End-to-End Workflow in ACME
1. Activating the conda environment
First we start by activating the DL_CPU conda environment. This environment is only on ACME and not in the local machines and it is shared between the groups.
conda activate DL_CPU
Activating this conda environment gives us access to the different software/packages that we might want to use, such as xTB and AQME. Without this step, the computer will behave as though the programs are not installed.
2. Using OpenBabel
We have previously created a .pdb file with gaussian for the pentene in the folder example_workflow in our home folder ( /home/username/ ).
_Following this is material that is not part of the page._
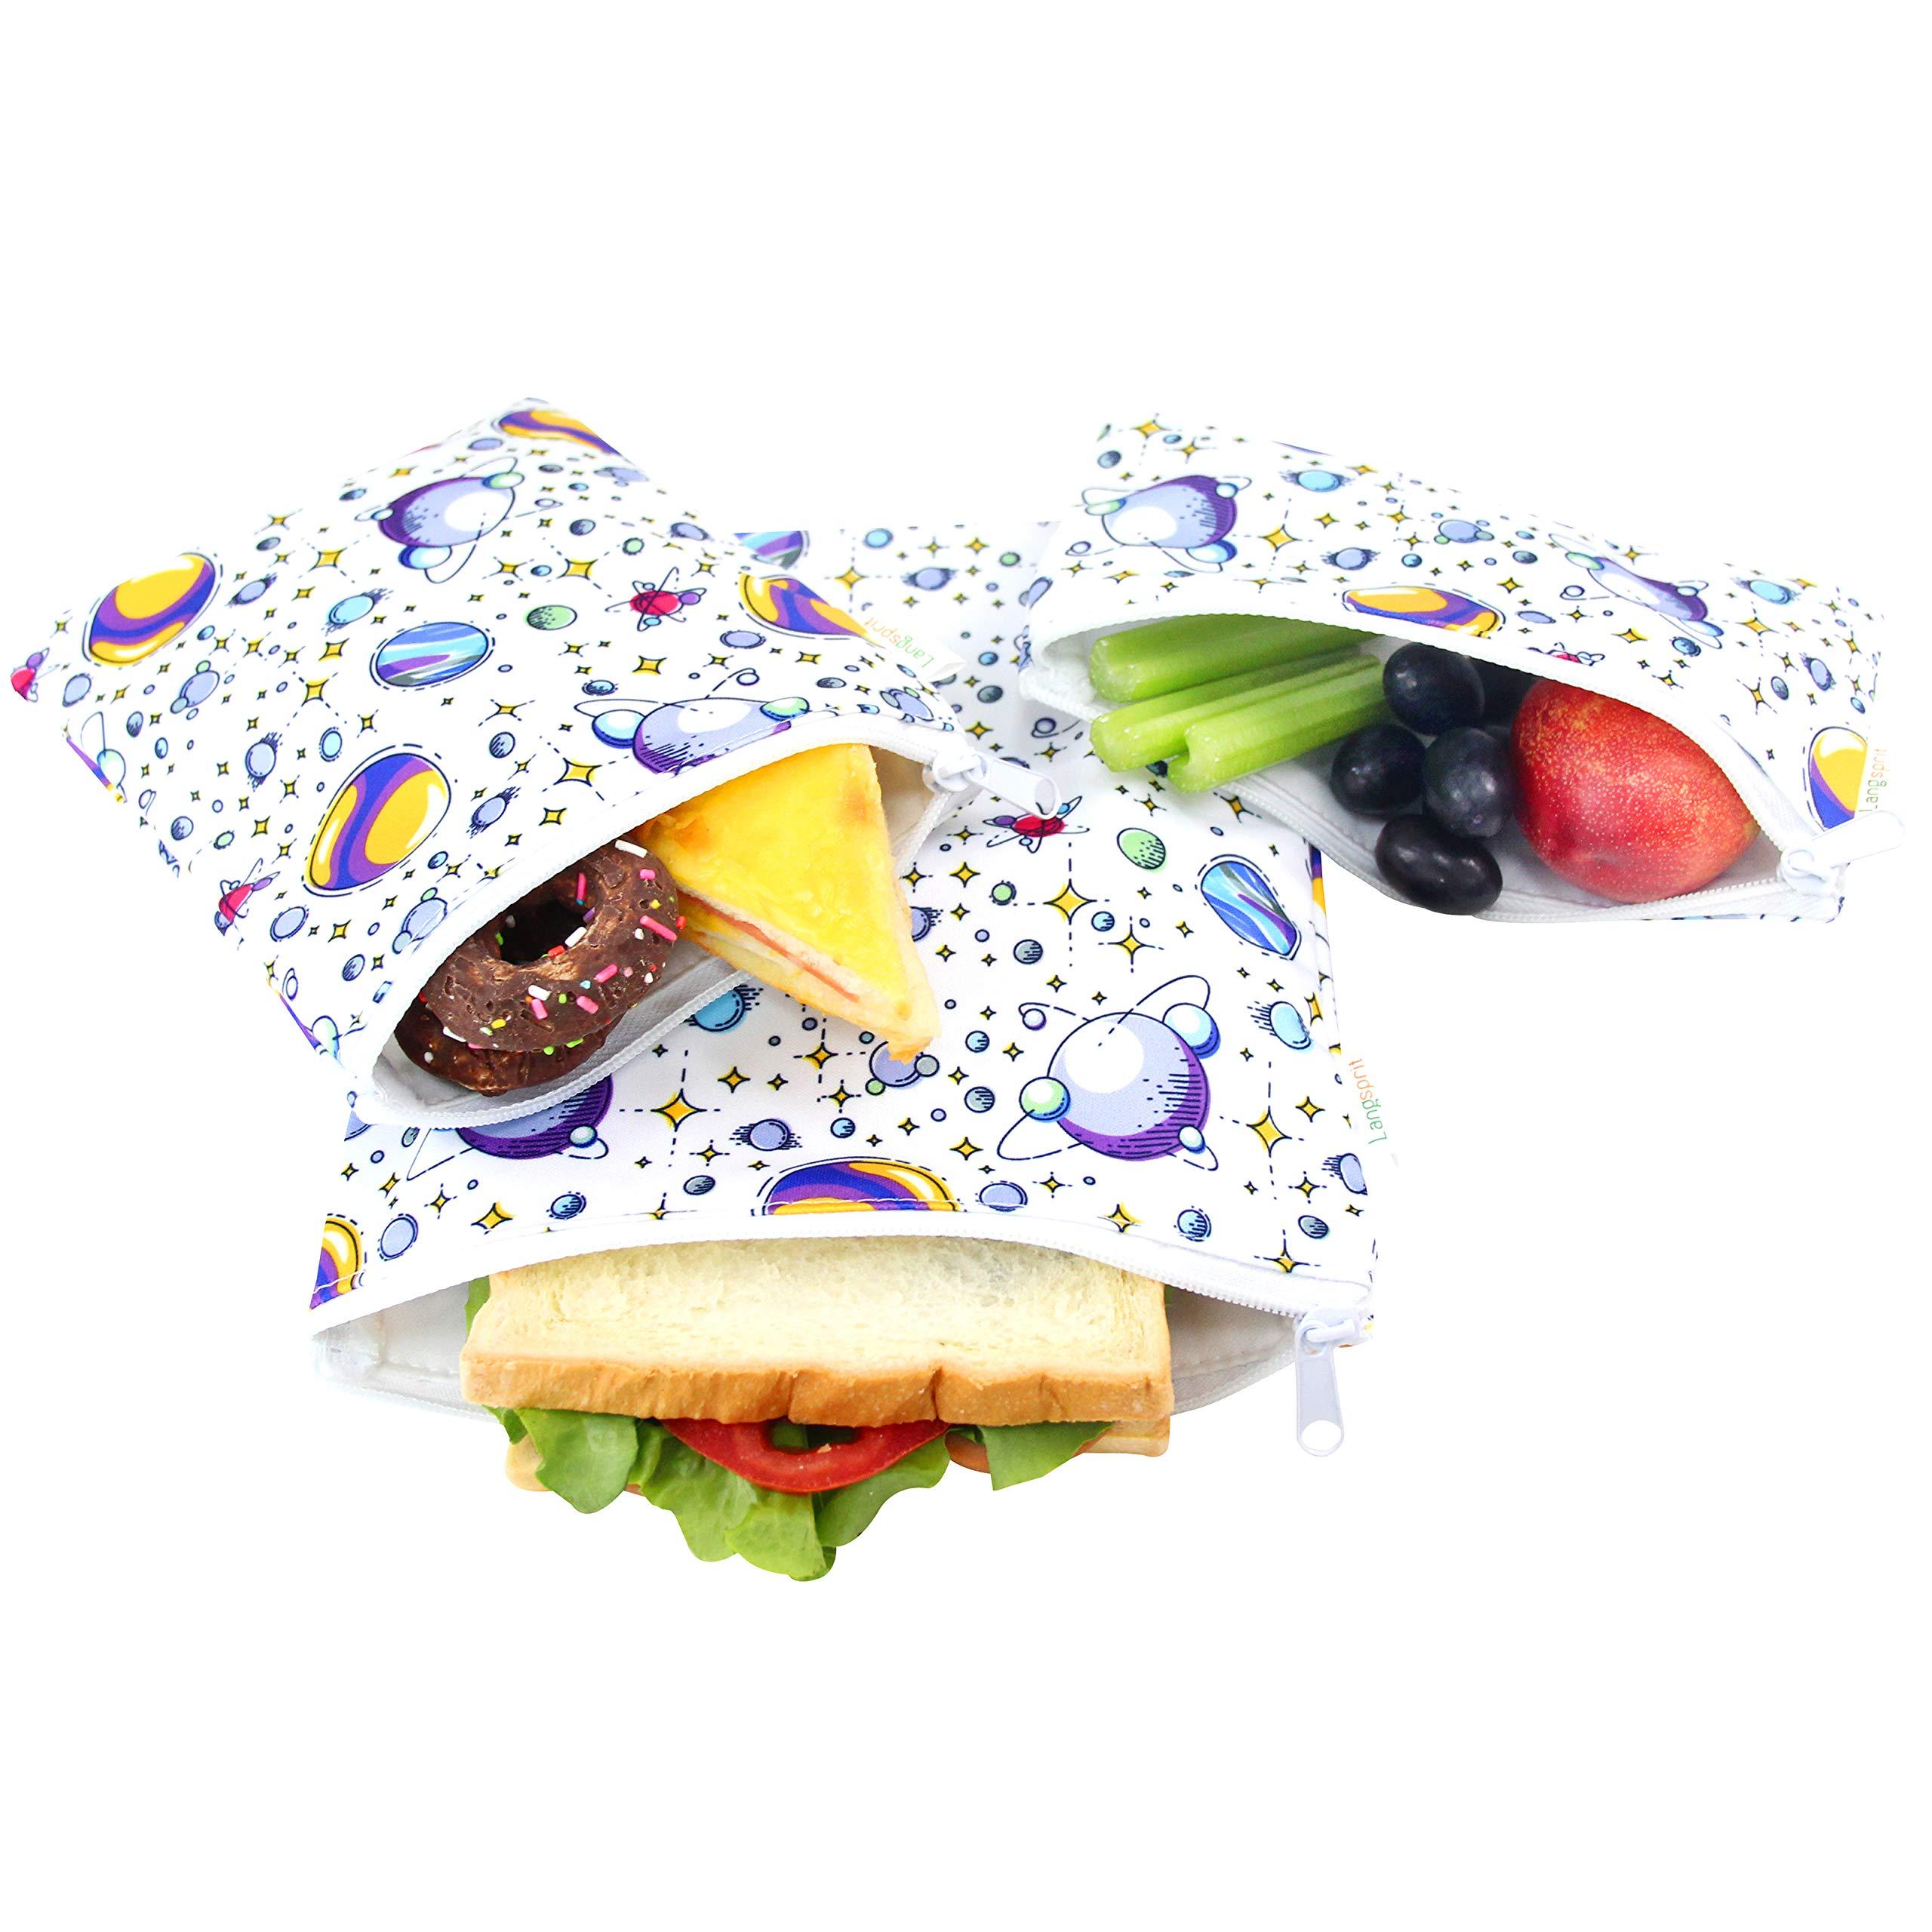 Langsprit Premium Reusable Sandwich & Snack Bags- Eco Friendly Dishwasher Safe Lunch Bags - Set of 3 - (Planet) by Langsprit

Our first step of the workflow will be to go to that folder and convert the .pdb file to a .xyz file that can be read by the xtb software.
cd example_workflow
obabel -ipdb pentene.pdb -oxyz -O*.xyz
Here the -ipdb specifies that the format of the input is pdb
3. Running an XTB calculation
We shouldn't directly run the xtb software because that will make the calculation not to run in one of the compute node but actually run in the node that controls the queue system and keeps everything connected.
As a consecuence our next step is to prepare the SLURM script to submit the
calculation to the queue system. Luckily we have available several scripts in
acme that automate that process. For setting up an xtb calculation we can use
xtbsetup.sh
xtbsetup.sh -i pentene.xyz -c 0 -s ch2cl2
We can also specify the number of processors as well as any extra command line options:
xtbsetup.sh -i pentene.xyz -c 0 -p 1 -a '--opt'
Note
Remember that we can always see how to use a command using either -h
or --help i.e. xtbsetup.sh -h
the output file will look like:
(Currently empty if someone runs the workflow it will be very appreciated
if they can provide the generated files to include them as examples)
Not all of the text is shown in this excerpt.